Eligibility criteria

To be eligible, you must be:

  • 18 or above if you are taking a gap year or not attending a university/college.
  • You do not have to have a formal degree in data science or a relevant subject, but you must have completed it if you do. In other words: if you’re in your 3rd year of an English Lit degree, you’re welcome to apply, but if you’re in the middle of your CS degree, you have to wait until you’re finished – sorry. The same goes if you intend to go straight on to a data science-related postgrad within the year.
  • Have a solid basis in mathematics: decent statistics, combinatorics, linear algebra and some high school calculus are the very minimum.
  • You must be familiar with Python (3.5 and above), and either familiar with the scientific Python stack (SciPy, NumPy, Pandas, matplotlib) or willing to pick up a lot on the go.
  • Be willing to put in the work: we’ll be convening about once every week to ten days by Skype for an hour, and you’ll probably be doing 6-10 hours’ worth of reading and work for the rest of the week. Please be realistic if you can sustain this.
  • If, as recommended, you are working on an AWS EC2 instance, be aware this might cost money and make sure you can cover the costs. In practice, these are negligible.
  • You must understand that this is a physically and intellectually strenuous endeavor, and it is your responsibility to know whether you’re physically and mentally up for the job. However, no physical or mental disabilities are regarded as automatically excluding you of consideration.
  • You must not live in, reside in or be a citizen of any of the countries listed in CFR Title 22 Part 126, §126.1(d)(1) and (2).
  • You must not have been convicted of a felony anywhere. This includes ‘spent’ UK criminal convictions.

Sounds good? Apply here.

Preferred applicants

When assessing applications, the following groups are given preference:

  • Persons with mental or physical disabilities whose disability precludes them from finding conventional employment – please outline this situation on the application form.
  • Honourably discharged (or equivalent) veterans of NATO forces and the IDF – please include member 4 copy of DD-214, Wehrdienstzeitbescheinigung or equivalent document that lists type of discharge.

What we’ll be up to

Don’t worry. None of this car waxing crap.
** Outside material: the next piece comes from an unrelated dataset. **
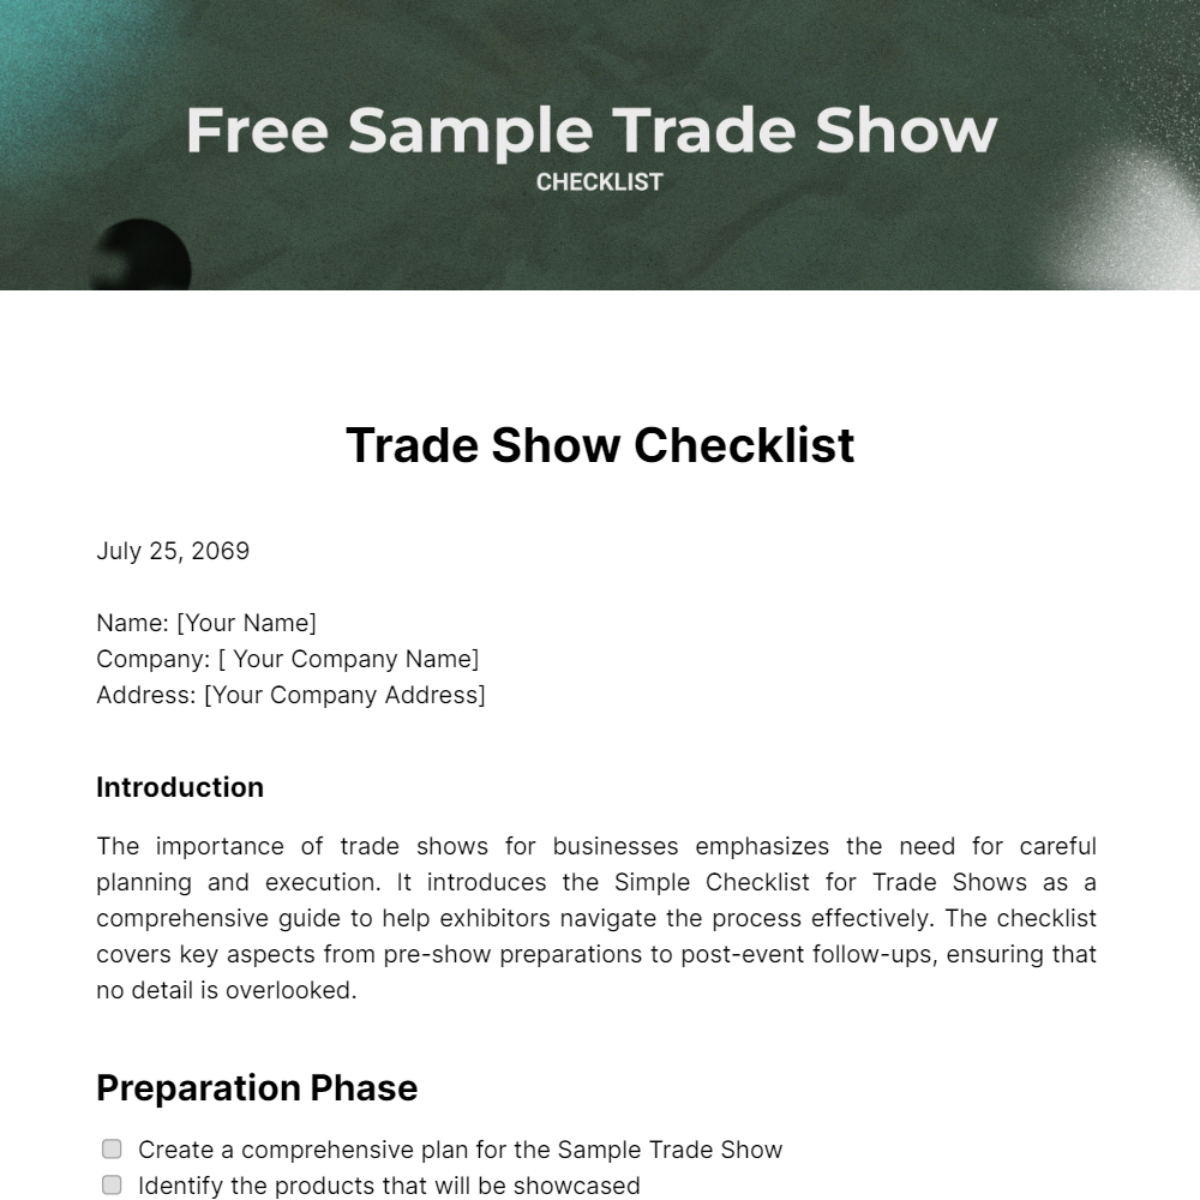 Free Sample Trade Show Checklist Template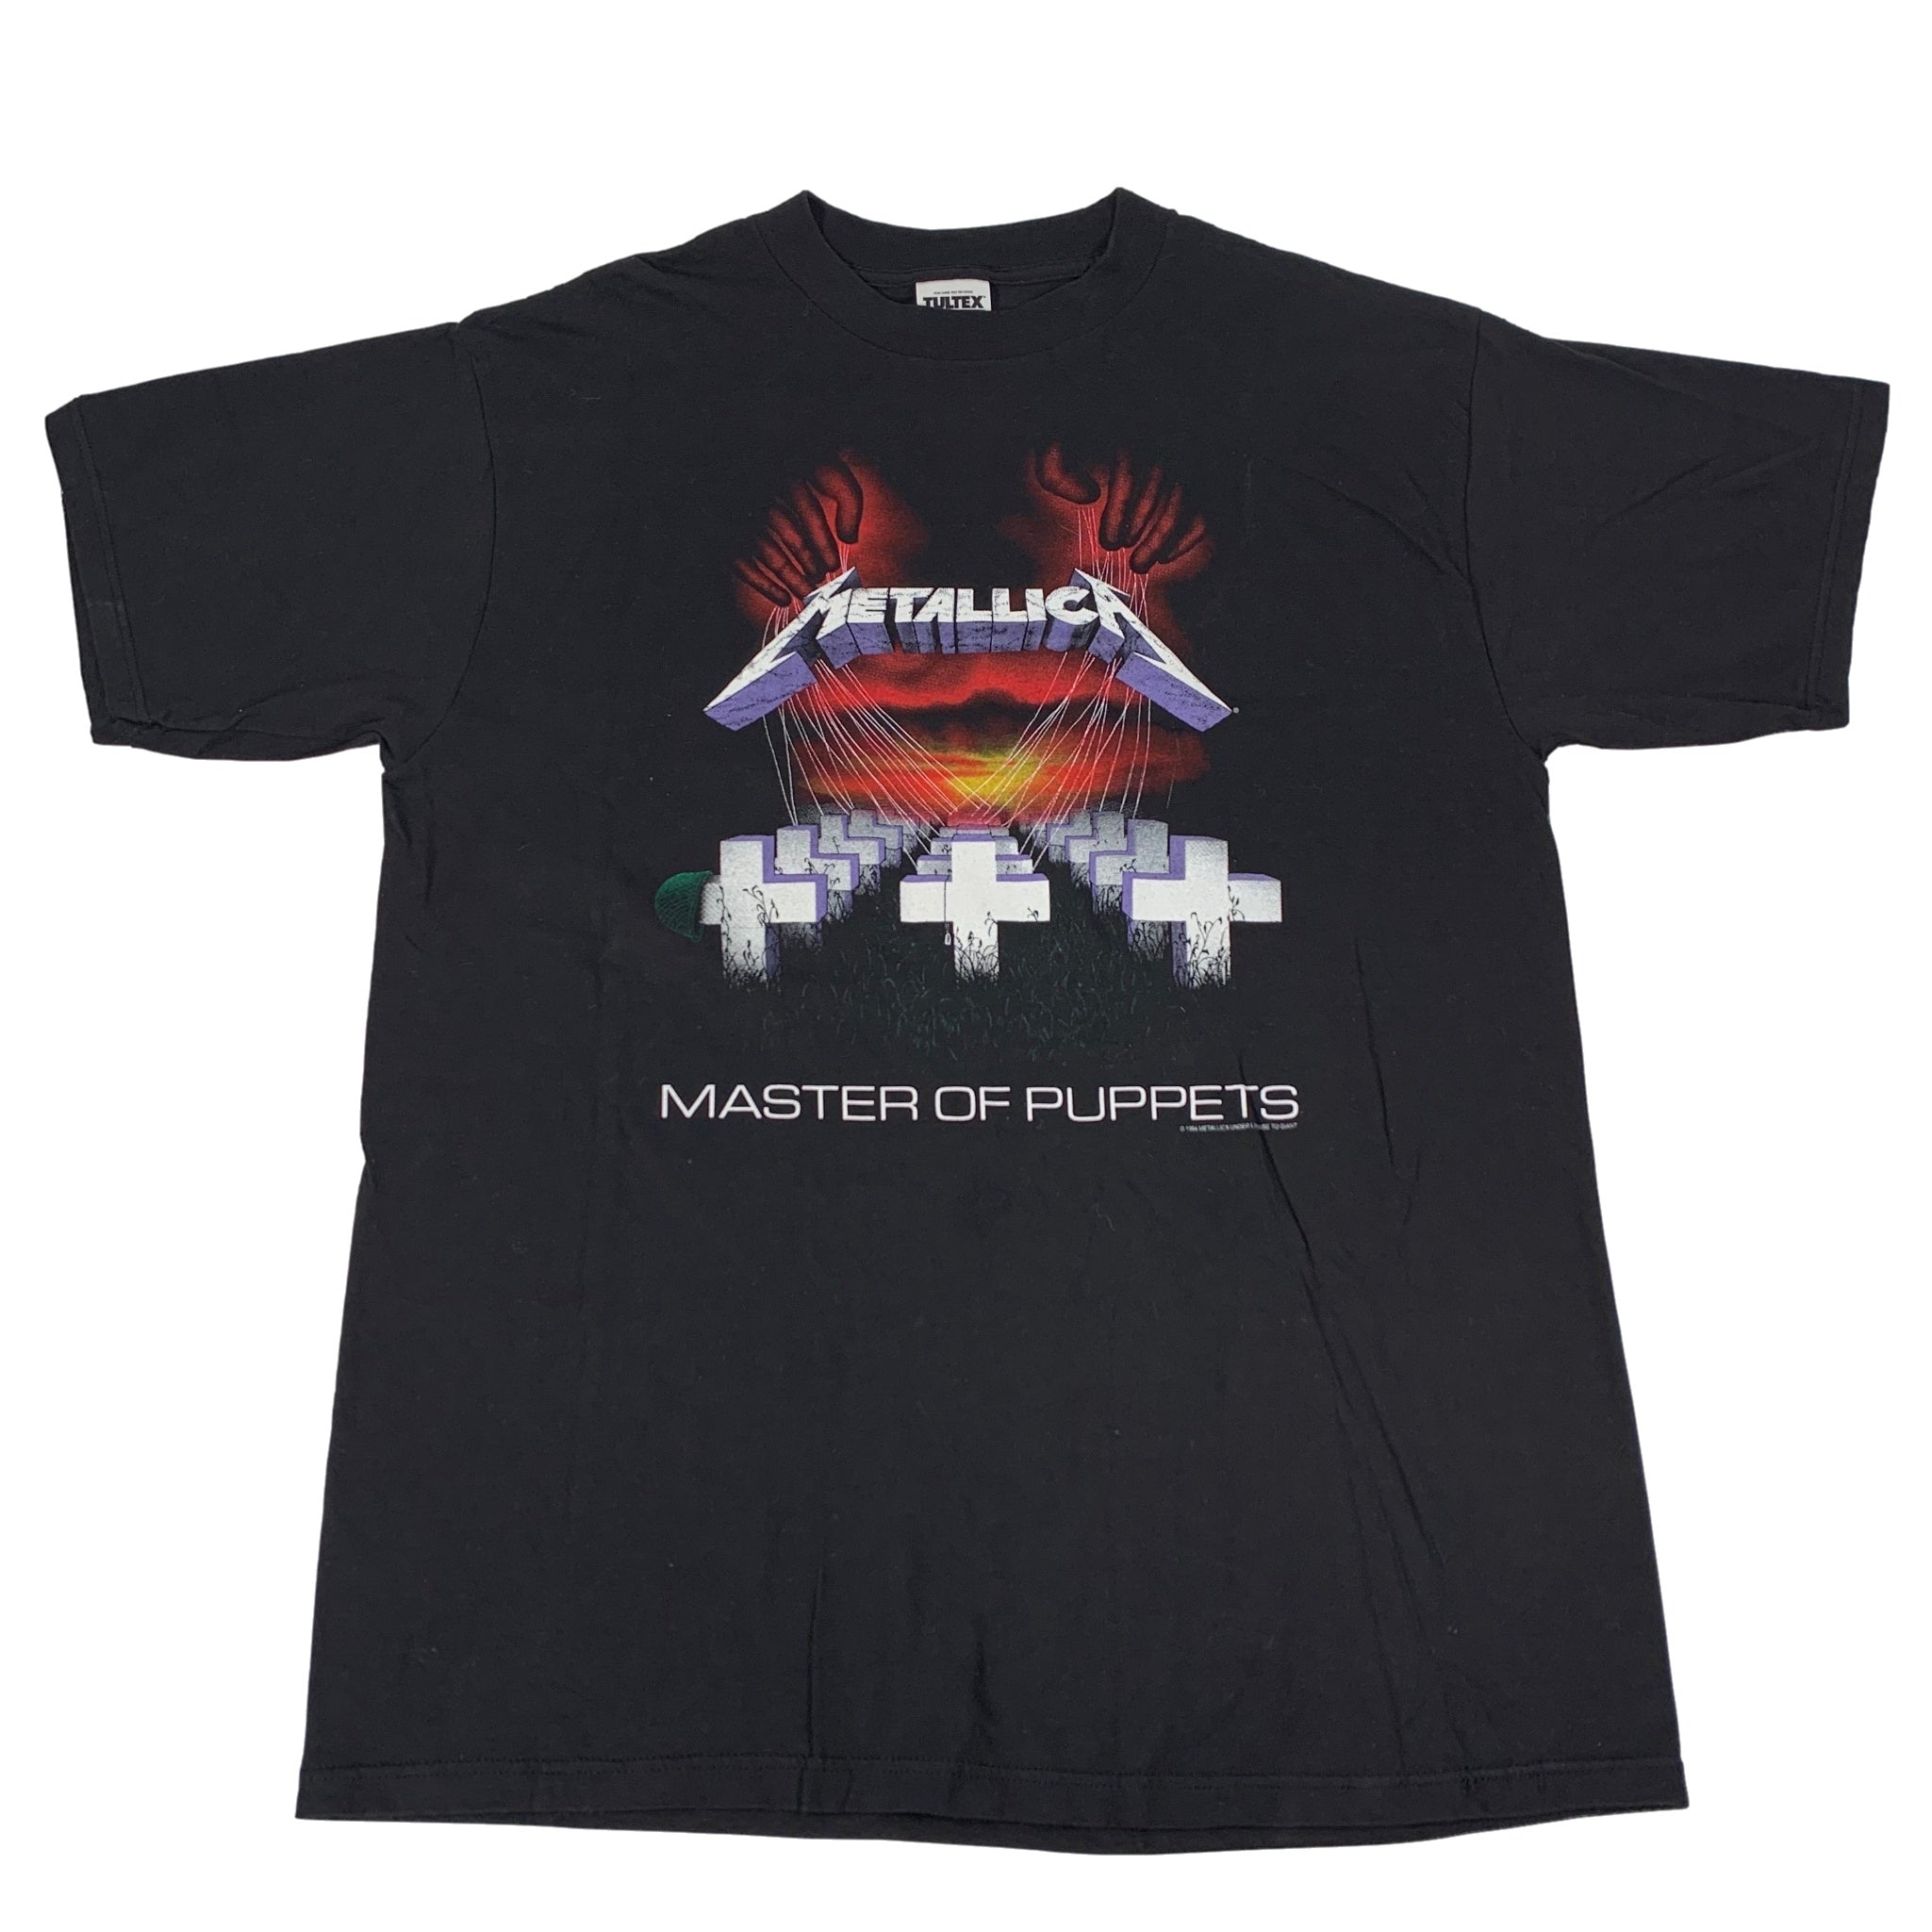 Vintage Metallica "Master Of Puppets" T-Shirt

Over the 42 weeks to follow, you will be undergoing a rigorous and structured semi-self-directed training process. This will take your background, interests and future ambitions into account, but at the core, you will:

  • master Python’s data processing stack,
  • learn how to visualize data in Python,
  • work with networks and graph databases, including Neo4j,
  • acquire the correct way of presenting results in data science to stakeholders,
  • delve into cutting-edge methods of machine learning, such as deep learning using keras,
  • work on problems in computer vision and get familiar with the Python bindings of OpenCV,
  • scrape data from social networks, and
  • learn convenient ways of representing, summarizing and distributing our results.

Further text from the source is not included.